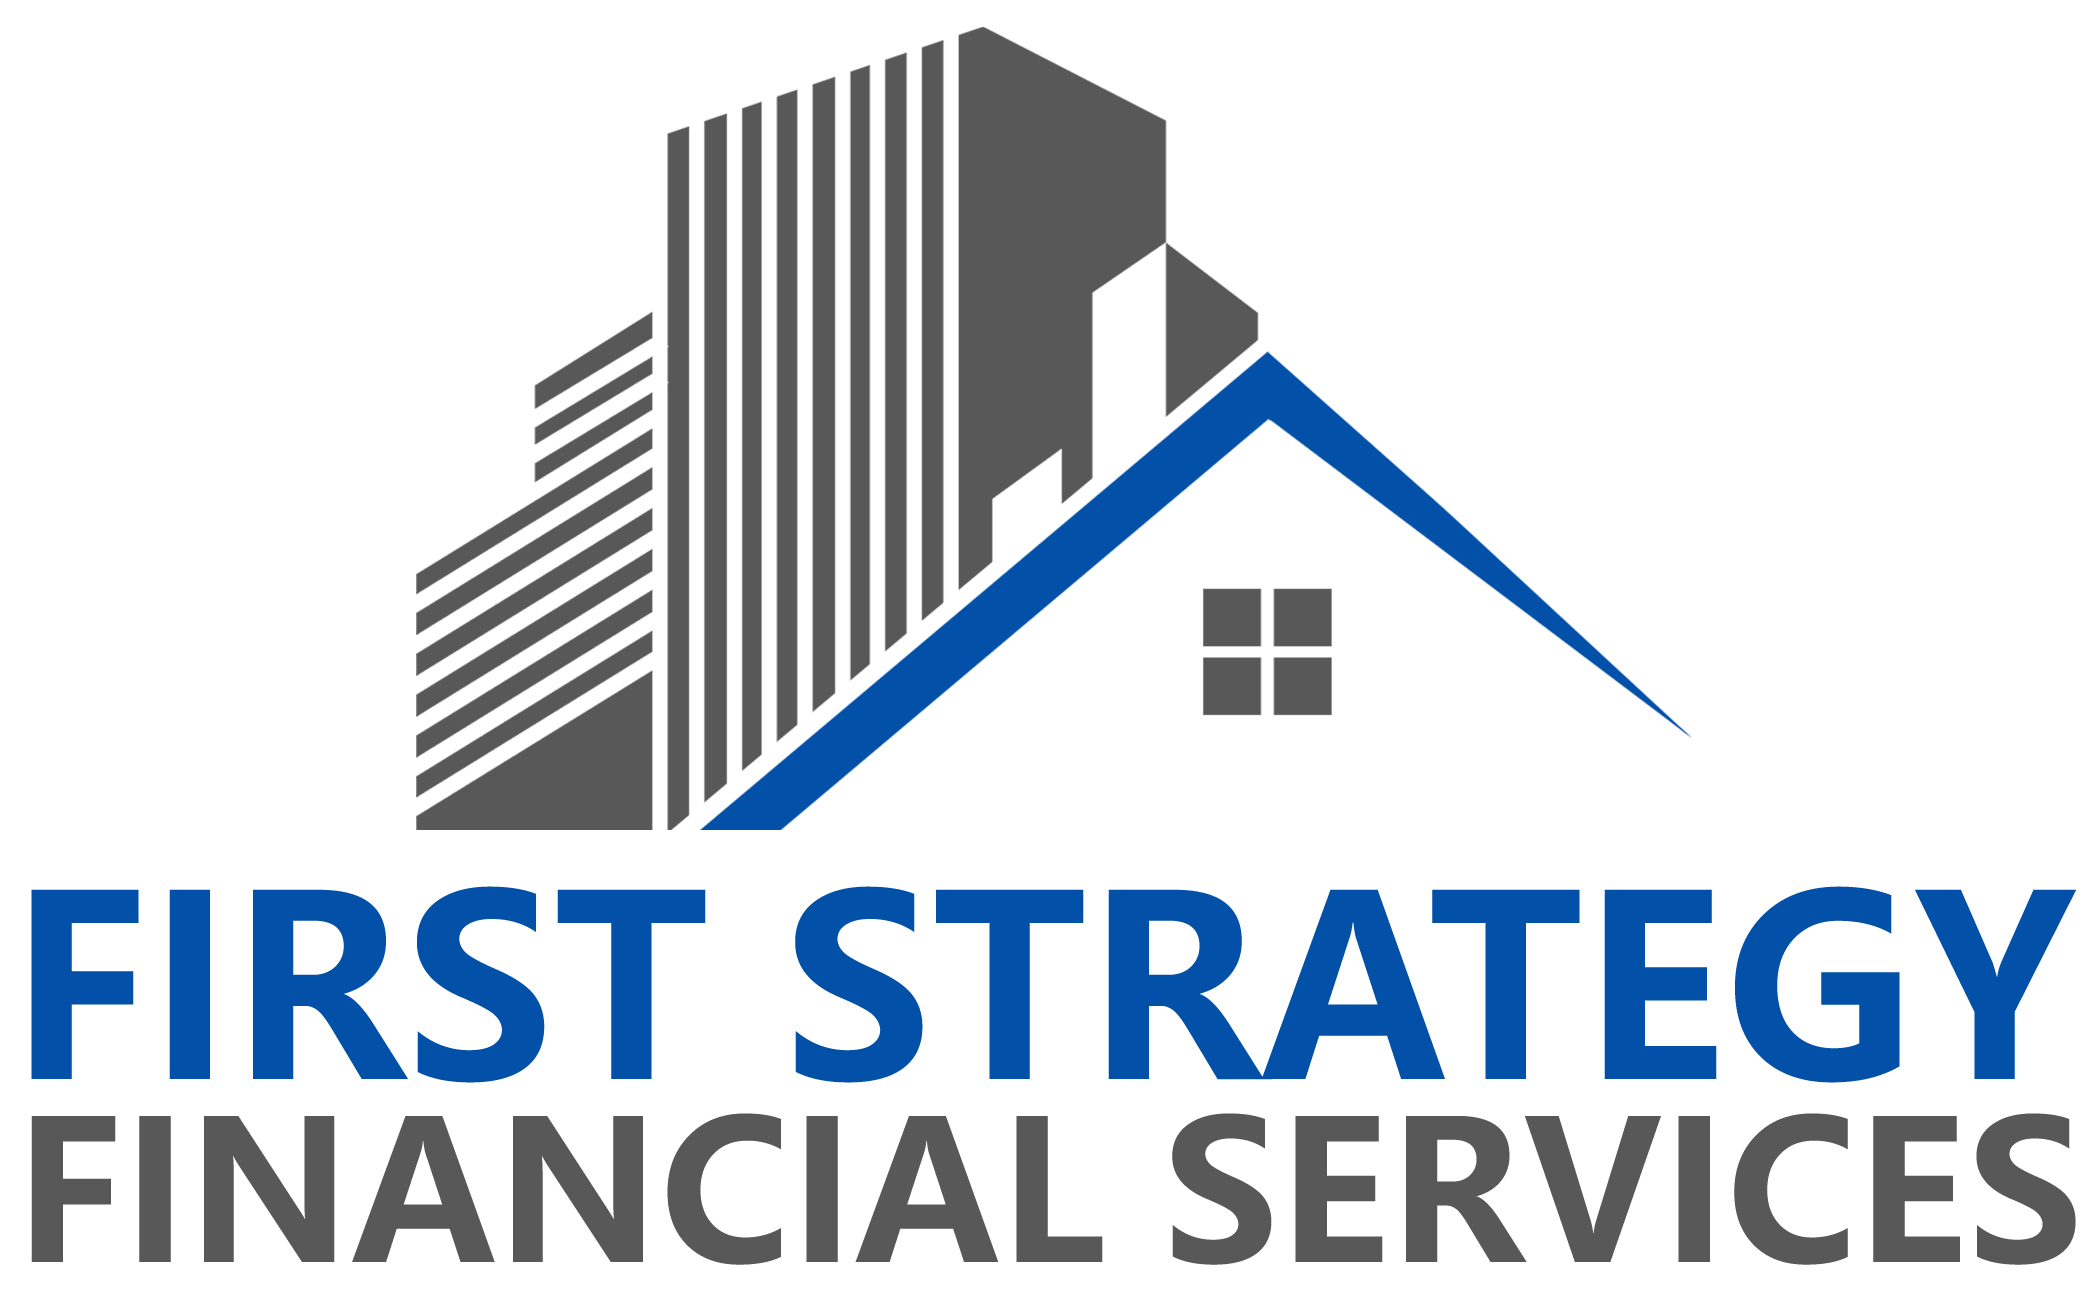 First Strategy Financial Services Ltd
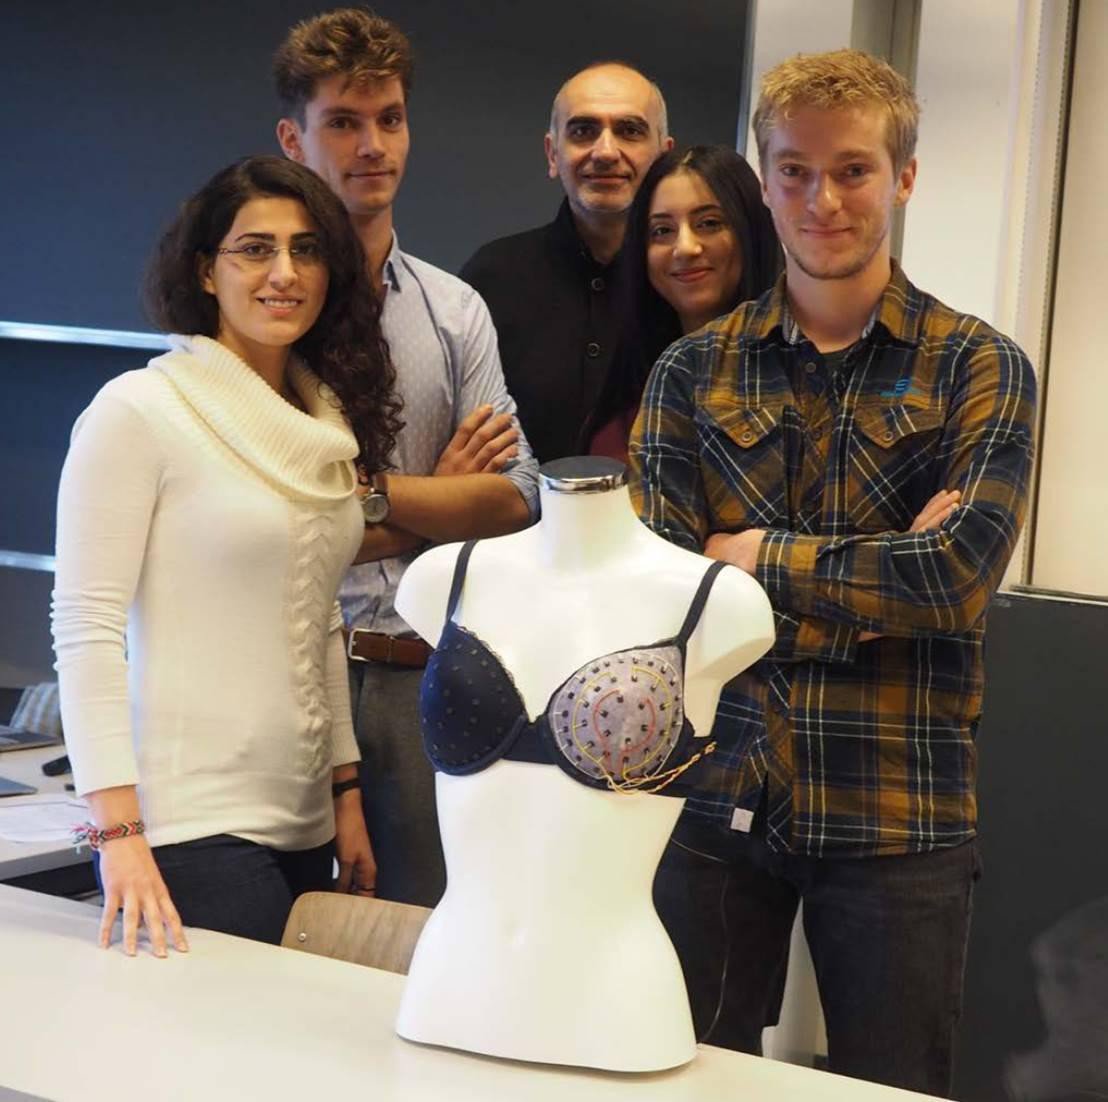 A Bra That Could Get People Talking About Breast Cancer
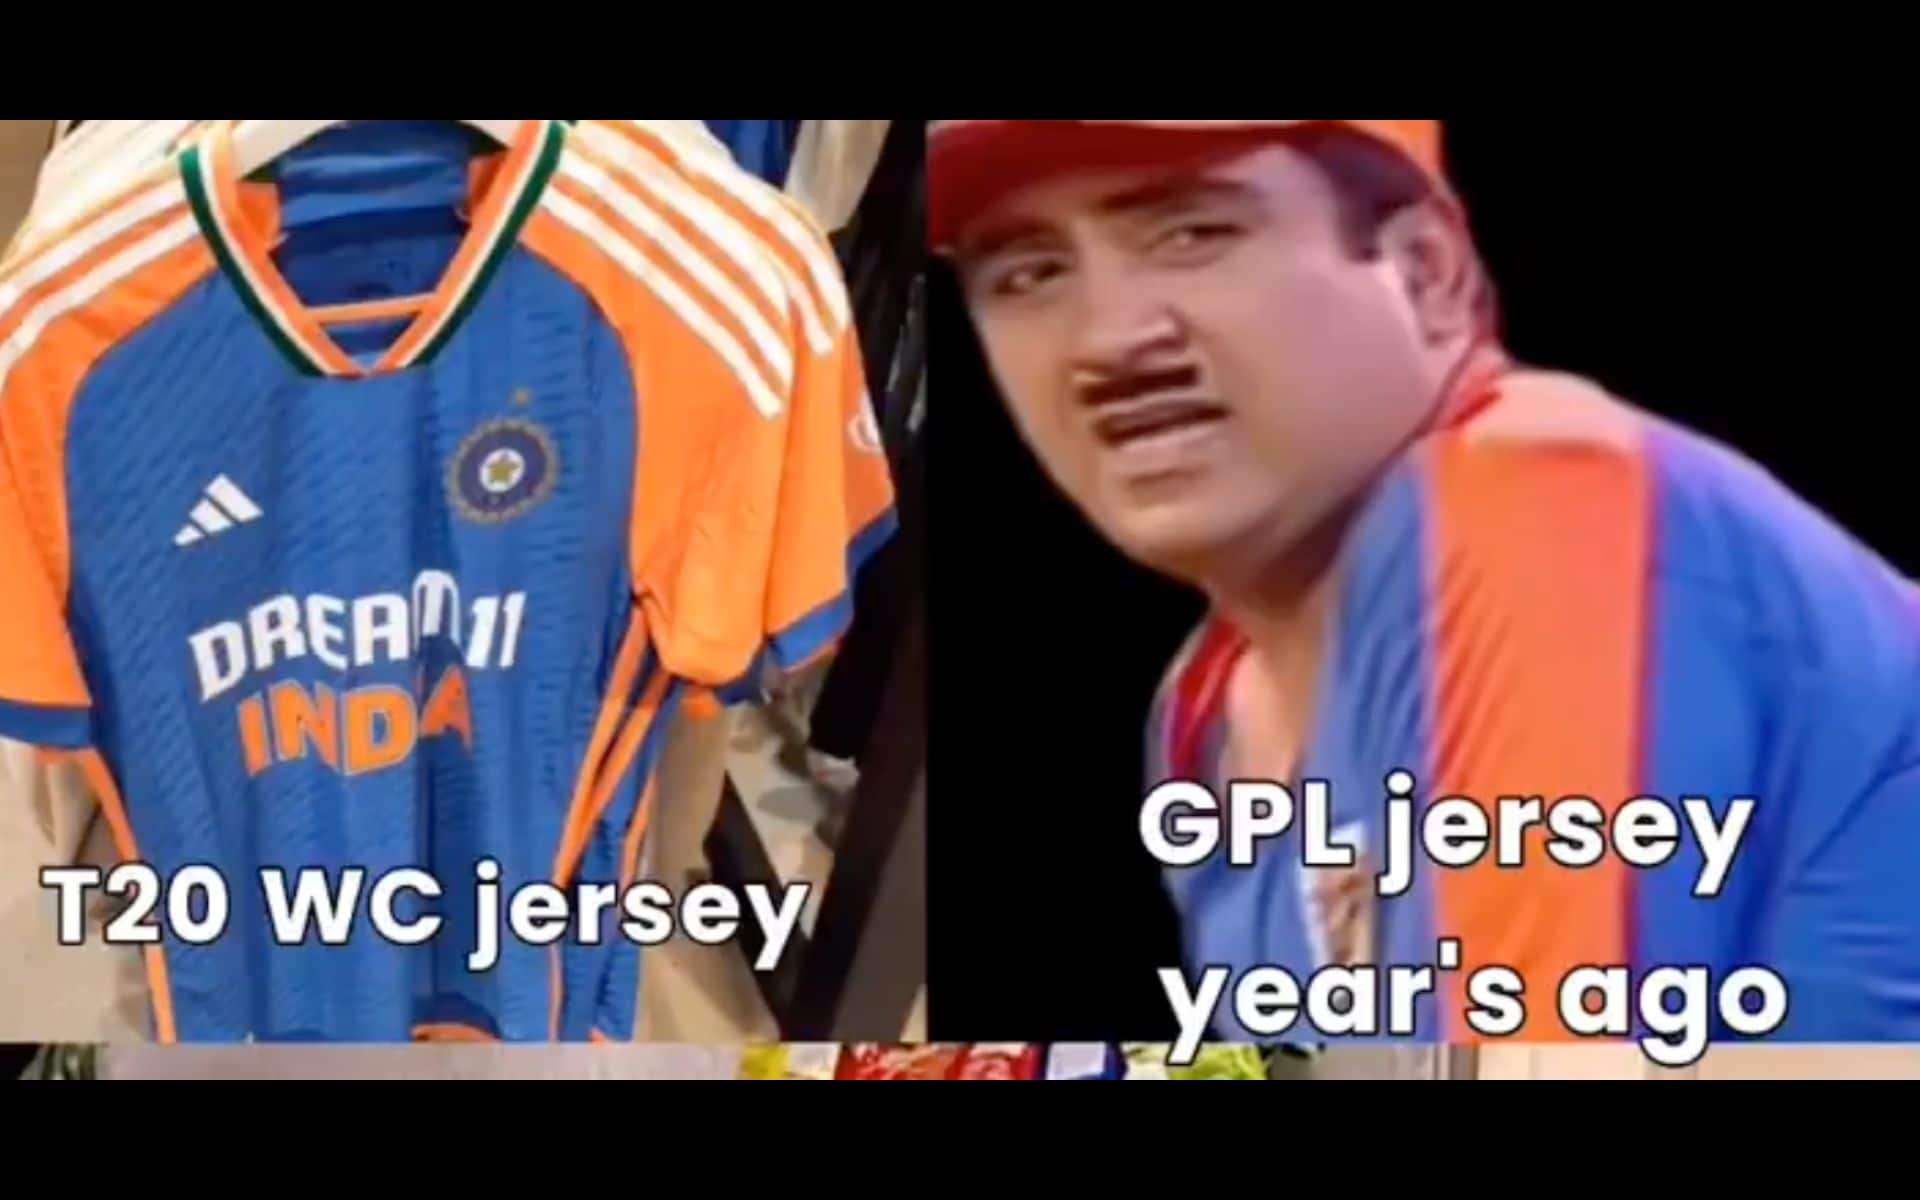 Is India's T20 World Cup Jersey Inspired By Jethalal's Taarak Mehta Ka Ooltah Chashmah?

Description of the task - Please repeat every line from the listing above exactly as it appears. Drop the pictures.

Written response -
 First Strategy Financial Services Ltd
 A Bra That Could Get People Talking About Breast Cancer
 Is India's T20 World Cup Jersey Inspired By Jethalal's Taarak Mehta Ka Ooltah Chashmah?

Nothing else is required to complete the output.